* **What the task requires**
Reproduce the entries below exactly, but only from the line containing "Buy Dune Bridal" to the line containing "Simply Solid Full", inclusive.

* **Supplied records**
⁂

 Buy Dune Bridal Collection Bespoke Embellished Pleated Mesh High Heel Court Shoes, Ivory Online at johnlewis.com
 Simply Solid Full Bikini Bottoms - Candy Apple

⁂

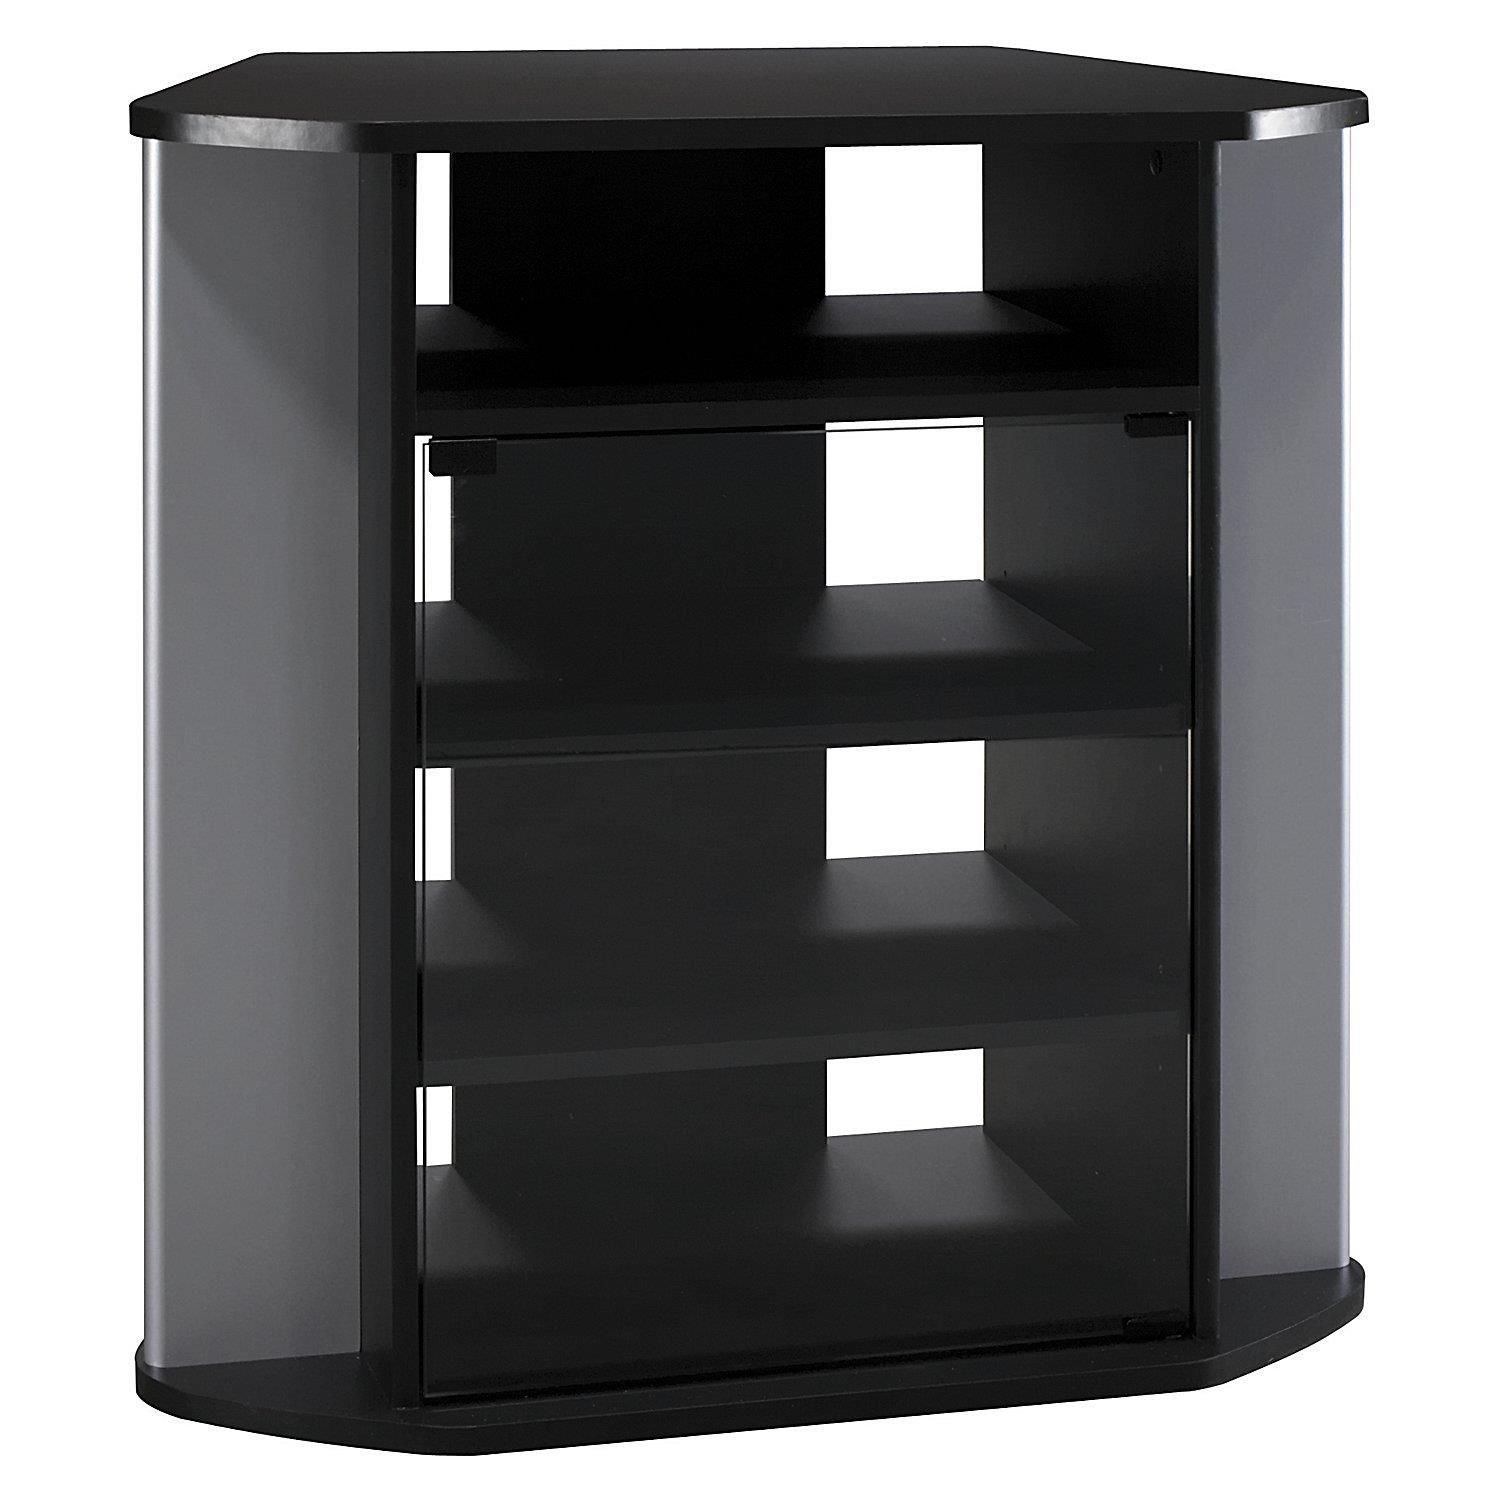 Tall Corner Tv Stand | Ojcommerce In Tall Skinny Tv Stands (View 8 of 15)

⁂

* **Solution below**
 Buy Dune Bridal Collection Bespoke Embellished Pleated Mesh High Heel Court Shoes, Ivory Online at johnlewis.com
 Simply Solid Full Bikini Bottoms - Candy Apple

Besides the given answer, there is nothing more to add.